Die wichtigste Entwicklung ist allerdings die Rückkehr des Klassenkampfs. Gerade in den jüngsten Monaten gab es einen sprunghaften Anstieg sozialer Proteste. Allein im vergangenen September sollen 3,1 Millionen Menschen an Streiks und Demonstrationen beteiligt gewesen sein.
Im Oktober letzten Jahres protestierten in Schenzhen 3.000 Fabrikarbeiter dagegen, dass sie sieben Tage die Woche 14 Stunden am Tag an den Fließbändern sitzen müssen. Im Herbst gab es auch einen Streik, der sieben Wochen andauerte. Beteiligt waren vor allem Textilarbeiterinnen, die sich gegen die Privatisierung ihrer Fabrik wehrten – in der Provinz Schanxi. Das war der längste Streik, seit die "Volksrepublik" 1949 ausgerufen wurde.
In der gleichen Zeit lieferten sich im Südwesten Chinas Tausende Straßenschlachten mit der Polizei, nachdem sie gegen korrupte Funktionäre protestiert hatten. In der Stadt Chongquing gingen Polizeiautos in Flammen auf, Regierungsgebäude wurden gestürmt.

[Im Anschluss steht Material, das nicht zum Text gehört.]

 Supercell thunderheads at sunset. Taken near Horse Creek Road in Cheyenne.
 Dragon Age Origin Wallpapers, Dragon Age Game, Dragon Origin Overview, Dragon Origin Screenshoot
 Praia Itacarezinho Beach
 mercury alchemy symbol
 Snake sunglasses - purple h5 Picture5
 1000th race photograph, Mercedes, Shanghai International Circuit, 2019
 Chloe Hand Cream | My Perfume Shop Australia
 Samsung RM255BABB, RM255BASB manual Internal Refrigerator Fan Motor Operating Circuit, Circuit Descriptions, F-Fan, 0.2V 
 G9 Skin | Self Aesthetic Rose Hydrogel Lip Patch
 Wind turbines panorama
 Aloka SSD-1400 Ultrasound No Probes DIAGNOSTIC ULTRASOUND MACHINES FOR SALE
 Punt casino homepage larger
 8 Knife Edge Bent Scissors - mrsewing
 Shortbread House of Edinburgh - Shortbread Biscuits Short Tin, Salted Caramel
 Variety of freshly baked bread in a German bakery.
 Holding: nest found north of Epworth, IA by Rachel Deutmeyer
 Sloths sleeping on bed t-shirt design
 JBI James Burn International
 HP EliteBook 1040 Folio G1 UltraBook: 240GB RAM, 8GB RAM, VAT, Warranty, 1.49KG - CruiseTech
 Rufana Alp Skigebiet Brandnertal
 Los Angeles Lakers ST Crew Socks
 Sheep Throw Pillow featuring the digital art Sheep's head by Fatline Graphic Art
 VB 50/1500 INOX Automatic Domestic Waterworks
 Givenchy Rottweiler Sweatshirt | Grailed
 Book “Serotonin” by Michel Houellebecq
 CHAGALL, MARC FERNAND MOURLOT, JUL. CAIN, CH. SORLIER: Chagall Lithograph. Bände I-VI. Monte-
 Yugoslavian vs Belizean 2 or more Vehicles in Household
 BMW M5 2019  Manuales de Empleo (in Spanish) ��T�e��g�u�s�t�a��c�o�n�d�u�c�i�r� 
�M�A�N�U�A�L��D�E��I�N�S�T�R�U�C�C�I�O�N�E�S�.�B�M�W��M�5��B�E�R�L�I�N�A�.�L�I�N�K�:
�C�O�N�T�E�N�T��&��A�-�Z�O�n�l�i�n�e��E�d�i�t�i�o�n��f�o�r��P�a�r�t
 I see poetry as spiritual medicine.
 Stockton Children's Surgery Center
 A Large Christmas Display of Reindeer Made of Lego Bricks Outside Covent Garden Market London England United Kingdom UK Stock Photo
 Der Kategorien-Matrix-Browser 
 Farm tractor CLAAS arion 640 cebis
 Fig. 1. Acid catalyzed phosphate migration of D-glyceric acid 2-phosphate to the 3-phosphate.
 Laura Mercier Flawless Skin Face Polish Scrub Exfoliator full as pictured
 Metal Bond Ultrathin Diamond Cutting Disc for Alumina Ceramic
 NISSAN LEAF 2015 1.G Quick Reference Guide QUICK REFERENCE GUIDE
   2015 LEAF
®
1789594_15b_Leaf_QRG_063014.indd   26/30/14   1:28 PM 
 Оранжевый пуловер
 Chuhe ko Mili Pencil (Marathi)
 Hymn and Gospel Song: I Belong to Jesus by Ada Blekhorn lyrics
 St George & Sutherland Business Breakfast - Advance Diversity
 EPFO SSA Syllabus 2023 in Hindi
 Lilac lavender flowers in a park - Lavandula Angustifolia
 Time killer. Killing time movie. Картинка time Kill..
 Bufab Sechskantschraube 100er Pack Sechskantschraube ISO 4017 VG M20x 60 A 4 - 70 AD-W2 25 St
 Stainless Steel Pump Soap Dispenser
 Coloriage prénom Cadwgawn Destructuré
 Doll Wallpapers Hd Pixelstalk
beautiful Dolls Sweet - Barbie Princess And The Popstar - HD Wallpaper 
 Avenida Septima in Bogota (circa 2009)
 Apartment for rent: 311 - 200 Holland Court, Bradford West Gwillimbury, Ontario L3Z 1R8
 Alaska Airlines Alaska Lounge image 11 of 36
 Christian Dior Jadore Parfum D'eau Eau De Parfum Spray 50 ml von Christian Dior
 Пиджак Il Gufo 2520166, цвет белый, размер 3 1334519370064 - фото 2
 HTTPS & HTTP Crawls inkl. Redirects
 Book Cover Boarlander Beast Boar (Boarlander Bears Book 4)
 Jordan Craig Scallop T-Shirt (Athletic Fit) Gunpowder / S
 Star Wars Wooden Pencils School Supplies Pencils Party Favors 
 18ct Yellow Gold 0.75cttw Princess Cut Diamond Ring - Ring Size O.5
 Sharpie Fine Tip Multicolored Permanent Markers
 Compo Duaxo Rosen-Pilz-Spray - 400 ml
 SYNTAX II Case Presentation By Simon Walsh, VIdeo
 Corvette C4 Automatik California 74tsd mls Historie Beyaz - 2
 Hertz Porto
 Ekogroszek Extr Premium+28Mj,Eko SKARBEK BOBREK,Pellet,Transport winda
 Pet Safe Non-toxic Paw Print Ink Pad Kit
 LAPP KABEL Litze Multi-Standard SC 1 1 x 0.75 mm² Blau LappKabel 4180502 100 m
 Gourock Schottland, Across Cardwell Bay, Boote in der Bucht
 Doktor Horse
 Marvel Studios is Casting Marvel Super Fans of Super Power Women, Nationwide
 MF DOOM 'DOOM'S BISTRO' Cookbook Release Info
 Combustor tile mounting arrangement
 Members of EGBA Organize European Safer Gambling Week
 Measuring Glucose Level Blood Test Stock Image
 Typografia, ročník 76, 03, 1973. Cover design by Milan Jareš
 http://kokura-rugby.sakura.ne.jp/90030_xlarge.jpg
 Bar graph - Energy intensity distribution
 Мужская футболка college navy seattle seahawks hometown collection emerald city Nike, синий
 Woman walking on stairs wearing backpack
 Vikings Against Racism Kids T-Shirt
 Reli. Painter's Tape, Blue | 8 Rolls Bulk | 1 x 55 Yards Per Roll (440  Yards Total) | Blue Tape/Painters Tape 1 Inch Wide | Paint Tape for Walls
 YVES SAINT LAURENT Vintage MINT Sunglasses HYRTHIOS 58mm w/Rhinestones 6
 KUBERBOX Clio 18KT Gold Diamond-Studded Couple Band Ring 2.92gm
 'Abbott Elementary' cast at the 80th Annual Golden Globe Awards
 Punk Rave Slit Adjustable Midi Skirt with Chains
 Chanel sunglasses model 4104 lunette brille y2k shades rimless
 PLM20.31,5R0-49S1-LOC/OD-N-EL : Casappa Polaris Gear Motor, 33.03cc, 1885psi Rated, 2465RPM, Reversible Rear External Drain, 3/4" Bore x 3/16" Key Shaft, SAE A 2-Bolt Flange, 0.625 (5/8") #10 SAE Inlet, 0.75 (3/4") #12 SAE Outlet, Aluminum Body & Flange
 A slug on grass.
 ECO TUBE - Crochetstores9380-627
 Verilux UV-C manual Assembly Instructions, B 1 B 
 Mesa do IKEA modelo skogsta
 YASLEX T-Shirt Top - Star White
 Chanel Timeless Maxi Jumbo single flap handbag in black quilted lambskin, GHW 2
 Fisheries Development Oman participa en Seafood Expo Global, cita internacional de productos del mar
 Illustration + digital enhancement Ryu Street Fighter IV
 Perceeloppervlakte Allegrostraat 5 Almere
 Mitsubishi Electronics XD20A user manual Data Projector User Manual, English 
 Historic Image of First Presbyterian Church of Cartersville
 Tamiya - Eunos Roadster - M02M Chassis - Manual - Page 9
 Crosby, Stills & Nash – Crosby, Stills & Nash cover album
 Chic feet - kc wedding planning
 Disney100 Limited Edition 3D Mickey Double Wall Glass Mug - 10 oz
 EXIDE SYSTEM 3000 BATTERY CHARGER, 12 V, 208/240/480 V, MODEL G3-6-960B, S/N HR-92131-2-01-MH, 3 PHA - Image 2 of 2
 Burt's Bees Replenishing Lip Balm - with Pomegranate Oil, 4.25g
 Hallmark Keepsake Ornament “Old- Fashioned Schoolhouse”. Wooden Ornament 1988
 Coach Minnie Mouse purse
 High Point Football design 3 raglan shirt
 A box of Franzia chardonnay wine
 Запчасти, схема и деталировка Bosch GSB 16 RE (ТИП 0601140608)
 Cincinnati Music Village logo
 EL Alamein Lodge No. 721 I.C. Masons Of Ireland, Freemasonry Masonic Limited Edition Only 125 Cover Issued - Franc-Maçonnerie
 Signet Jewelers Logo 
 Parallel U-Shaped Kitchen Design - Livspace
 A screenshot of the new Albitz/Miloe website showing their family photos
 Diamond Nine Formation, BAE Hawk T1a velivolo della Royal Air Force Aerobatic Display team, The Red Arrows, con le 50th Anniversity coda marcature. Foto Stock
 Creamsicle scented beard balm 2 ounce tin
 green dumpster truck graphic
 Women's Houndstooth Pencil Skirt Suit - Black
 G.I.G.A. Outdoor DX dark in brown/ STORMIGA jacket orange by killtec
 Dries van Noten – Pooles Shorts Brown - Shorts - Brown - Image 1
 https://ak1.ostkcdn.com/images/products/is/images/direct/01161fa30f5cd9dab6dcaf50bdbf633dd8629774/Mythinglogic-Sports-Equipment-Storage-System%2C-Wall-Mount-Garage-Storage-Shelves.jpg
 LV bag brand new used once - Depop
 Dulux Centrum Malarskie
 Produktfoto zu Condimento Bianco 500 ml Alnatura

Im ländlichen Sichuan besetzten 100.000 Bauern das Gelände eines Staudamm-Projektes, um gegen Korruption Alarm zu schlagen.
Die chinesische Arbeiterklasse muss dafür sorgen, dass der neue, kapitalistische "Schwarze Tod" überwunden wird und – wie der "Schwarze Tod" vor 650 Jahren – nur noch in den Geschichtsbüchern auftaucht.